Of all our neighbors in Southeast Asia, Indonesia perhaps is the nation with whom we share many similarities. Both are founding members of ASEAN (whose headquarters is in Jakarta), both are archipelagoes with thousands of islands and both have hundreds of local dialects or languages. As President Marcos noted, the two nations are close in terms of geography as well as in culture and ethnicity.

Formal diplomatic relations between Indonesia and the Philippines began in 1949, but the relationship goes “much further than that because we consider Indonesians not only a neighbor, not only a friend, but kin,” the President stressed. Indonesians are sometimes mistaken for Filipinos and vice versa because we look so much alike and, as a matter of fact, there are hundreds of words in the Bahasa Indonesia language that sound almost the same as Tagalog.

Agreements on defense and security were also signed during the visit to Indonesia, with both governments renewing the commitment to stronger bilateral cooperation on trade, infrastructure, as well as border and maritime security, among others.

The state visit to Singapore was equally fruitful, with members of the President’s economic team reaching out to Singaporean businessmen and members of the international business community to highlight that the best time to do business in the Philippines is now as the country has “opened  its doors even wider for mutually beneficial investments” even as we “rebuild our economy and gun for rapid, broad-based growth in the next six years,” said Finance Secretary Ben Diokno.
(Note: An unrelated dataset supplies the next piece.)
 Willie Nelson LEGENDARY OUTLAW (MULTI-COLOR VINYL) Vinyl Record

Describing the Philippines as Asia’s “fastest rising star,” the President said he intends to fully maximize trade and economic cooperation between the two nations. In 2021, Singapore was the Philippines’ highest investor, with companies investing in big-ticket projects in telecommunications, infrastructure, start-up and innovation, renewable energy and health care.

According to the Department of Finance, Singapore has been the Philippines’ top source of foreign direct investments and sixth largest trading partner. With an estimated 200,000 overseas Filipino workers living and working in Singapore, this tiny but very highly developed nation was the second largest source of OFW remittances worldwide last year, totaling $2.20 billion.
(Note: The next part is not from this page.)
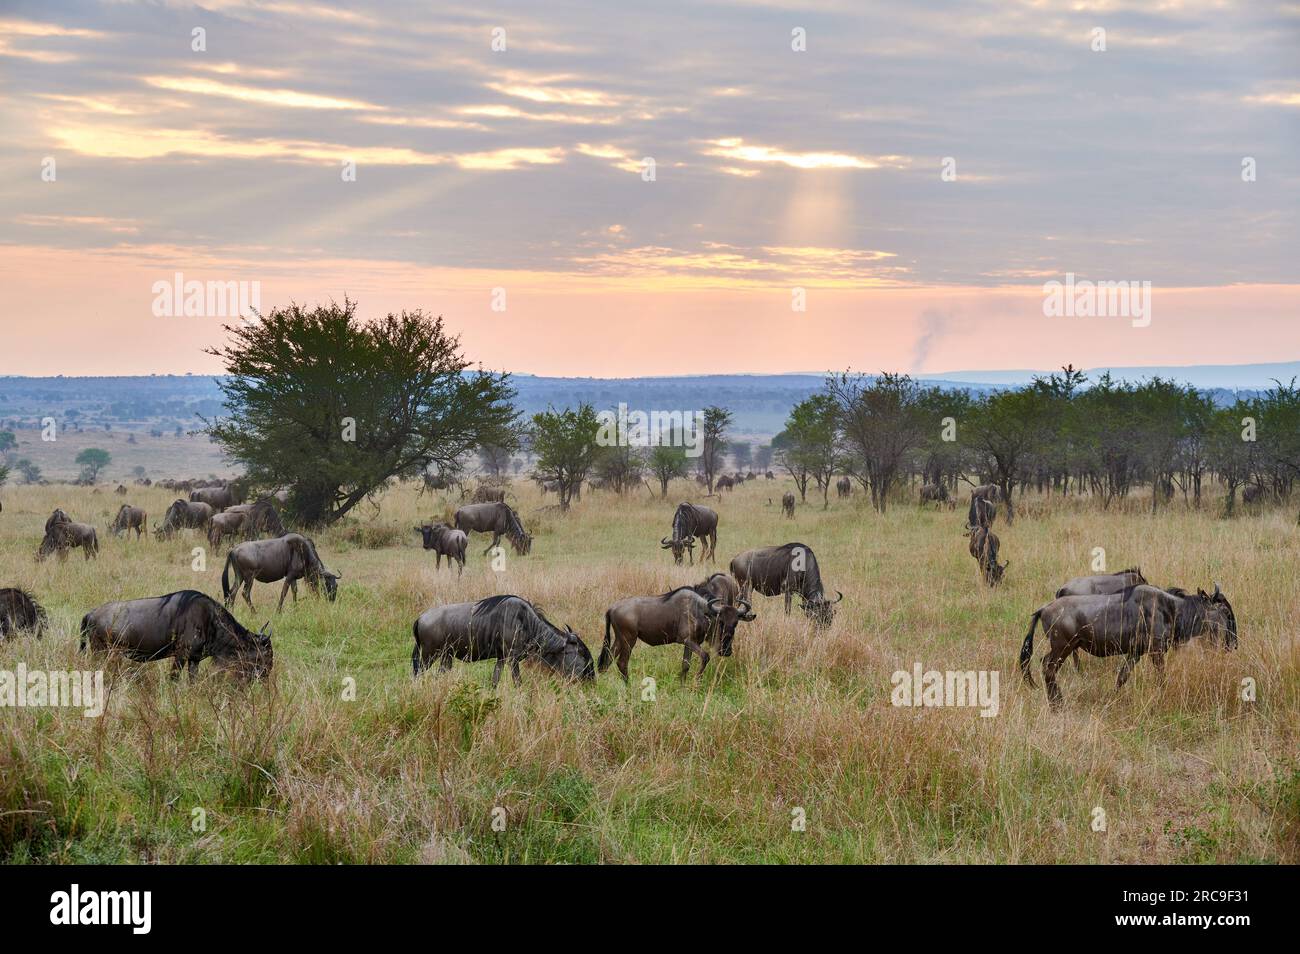 Weißbartgnus (Connochaetes mearnsi) im Sonnenuntergang auf der grossen Migration durch den Serengeti National Park, Tansania, Afrika |blue wildebeest Stock Photo

One of the very incisive commentaries regarding the President’s visits to Indonesia and then Singapore came from Philippine STAR columnist and former NEDA head Gerry Sicat. In his column titled “BBM’s diplomatic offensive can also be a learning process,” he discussed the symbolic significance of the visits to the two nations that are “good examples of economic success stories.”

There are many things that we can learn from the experience of both countries that have both “developed a track record of consistent success in economic growth, in the midst of many global and regional crises that continually challenge all nations,” with both having become “strong magnets for the inflow of foreign capital into their countries in the last few decades,” said Gerry.

One thing that has become very clear is the importance of presidential visits in furthering foreign policy. While technology has given rise to apps that make virtual meetings possible, there is no replacing the impact of face-to-face meetings for leaders to discuss and thresh out issues of mutual benefit and concern. As Gerry pointed out, diplomacy can “foster closer relations along economic, political and cultural dimensions with other nations. When diplomacy works, it is easier to use it as a tool for national development.”

President Marcos is certainly cognizant of the importance of diplomacy and is keen to reach out to as many countries as possible. As he said, the foreign trips provide him an opportunity to exchange views with other leaders regarding global issues that impact security in the region.

Following the visits to Indonesia and Singapore, other trips are being planned out, including short trips to the UN General Assembly in New York, a possible Japan state visit, the ASEAN meeting in Cambodia and visits to other nations that are important for the President’s economic and security agenda.